Валландер записал адрес и поехал в Лунд.
23
Дом, один из пяти одинаковых четырехэтажных строений, стоял на окраине Лунда. Он вспомнил, что когда был здесь с Линдой несколько лет назад, она сказала, что эти дома отданы под студенческие квартиры. Если она когда-нибудь будет учиться в Лунде, то жить будет здесь. Валландер с дрожью представил себе, что было бы с ним, если бы это Линда оказалась там, в Хагестадском парке.
Подъезд искать не пришлось – там стояла полицейская машина. Валландер сунул в карман телефон и вышел из машины. На газоне рядом с домом загорала женщина в купальнике. Он бы с удовольствием прилег рядом и поспал с часок. Усталость накатывалась тяжелыми волнами. Полицейский у подъезда сладко зевнул. Валландер помахал своим служебным удостоверением, и тот равнодушно указал ему на вход.
– Верхний этаж. Лифта нет, – сказал он и снова зевнул.
У Валландера появилось желание одернуть парня. Как-никак, он старший по званию, приехал из другого города, а к тому же ищет убийцу пятерых человек. А этот сонный сопляк даже не дал себе труда поздороваться как положено.
Но он промолчал и полез по лестнице. Если бы не звуки тяжелого рока, доносившиеся из одной из квартир, можно было бы подумать, что в доме никто не живет. Осенний семестр еще не начался. Дверь в квартиру Лены Норман была приоткрыта, но Валландер все равно позвонил.
Навстречу ему вышла Анн-Бритт. Он попытался прочитать по ее лицу, чем она его собирается удивить, но не смог.
– Извини, что нагнетала страсти по телефону, – сказала она, – но я думаю, ты поймешь, почему я хотела, чтобы ты приехал.
Он прошел вслед за ней. Квартиру, очевидно, долго не проветривали – воздух был сухой и… он никогда не мог подобрать определения, какой именно, в общем, такой воздух, какой бывает в долго непроветриваемых квартирах в бетонных домах. Как-то он читал в американском журнале, что ФБР разработало методы, с помощью которых можно было точно установить, как долго не проветривалось помещение. Владеет ли Нюберг этой методикой, Валландер не знал.

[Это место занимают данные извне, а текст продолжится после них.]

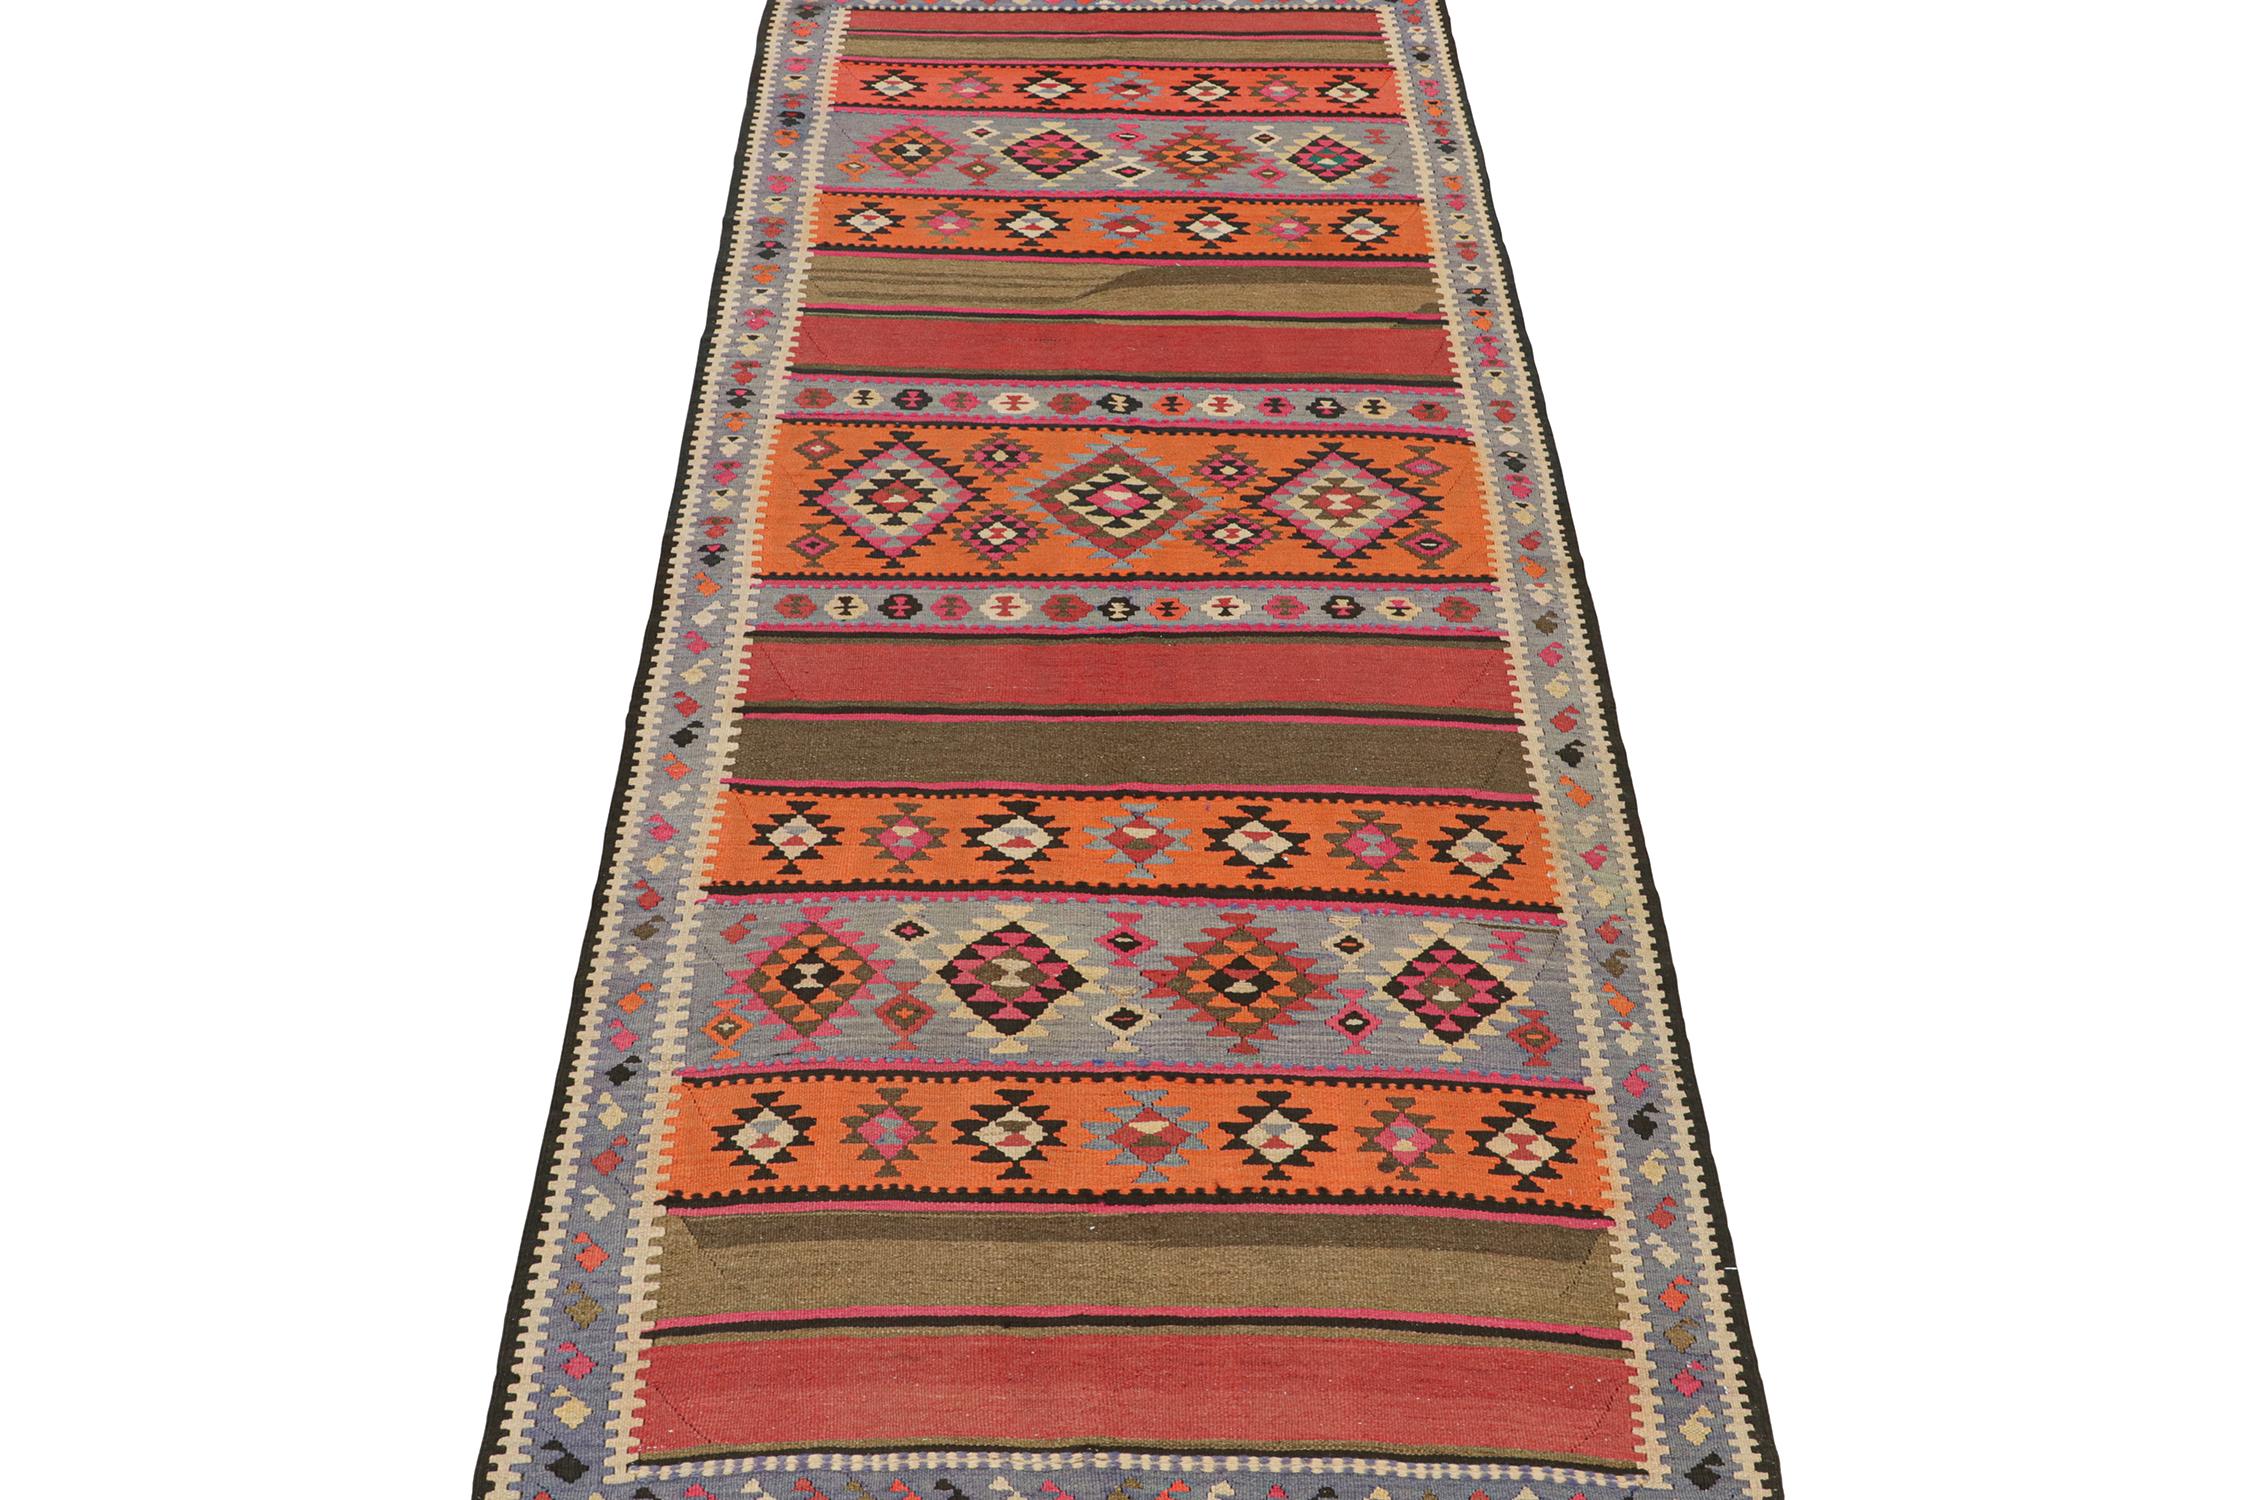 This vintage 5x13 Persian Kilim is a tribal rug we believe hails from Meshkin—an Iranian village known for its craft. Handwoven in wool, it originates circa 1950-1960.

The design favors vibrant colors in a polychromatic colorway with very

Нюберг. О, черт, опять он забыл отдать долг Эдмундссону.
Квартира состояла из двух комнат и крошечной кухни. Они вошли в комнату, служившую одновременно и гостиной и кабинетом. В лучах солнца танцевали пылинки. Анн-Бритт подвела его к торцевой стене, где было развешано множество фотографий. Он нашел очки и подошел поближе. Лена Норман – он сразу узнал ее. На ней костюм девятнадцатого века, рядом стоит Мартин Буге. Снимок сделан в каком-то парке, на заднем плане – стена старинного замка красного кирпича. Следующий снимок, другой праздник. Здесь и Астрид Хильстрём с ними. Они в помещении, полуголые, – по-видимому, решил Валландер, они изображают бордель, но ни Норман, ни Хильстрём не особо убедительны в роли проституток. Валландер выпрямился.
– Они все время играют какие-то роли. И устраивают костюмированные праздники.
– Мне кажется, все гораздо серьезнее, – сказала Анн-Бритт и подошла к письменному столу, стоявшему под углом к окну. На столе были навалены папки и пластиковые файлы.
– Я все это просмотрела, – сказала она. – Не особенно тщательно – может быть, и упустила что-то. Но то, что я увидела, меня очень беспокоит.
Валландер поднял руку.
– Подожди минутку, – сказал он. – Я очень хочу пить. К тому же мне надо в туалет.
– У моего папы был диабет, – вдруг сказала она.
Валландер остолбенел:
– Что? Что ты хочешь сказать?
– Он все время жаловался на усталость, как и ты. Пил воду и без конца бегал в туалет.
Валландер чуть не поддался соблазну вылезти из своей раковины и рассказать все как есть – что она совершенно права, у него диабет. Но вместо этого он пробурчал что-то невразумительное и пошел в туалет, а потом на кухню – пить воду. В унитазе продолжала течь вода.
– Неисправный бачок, – сказала Анн-Бритт. – Но это не наша забота.
Она испытующе смотрела на него, словно ожидая, что он все-таки расскажет ей о своих болезнях.
– Тебя что-то беспокоит, – сказал Валландер. – Что?
– Сейчас скажу. Я, конечно, только перелистала эти папки. Но уверена, что если взяться за них по-настоящему, выплывет куда больше.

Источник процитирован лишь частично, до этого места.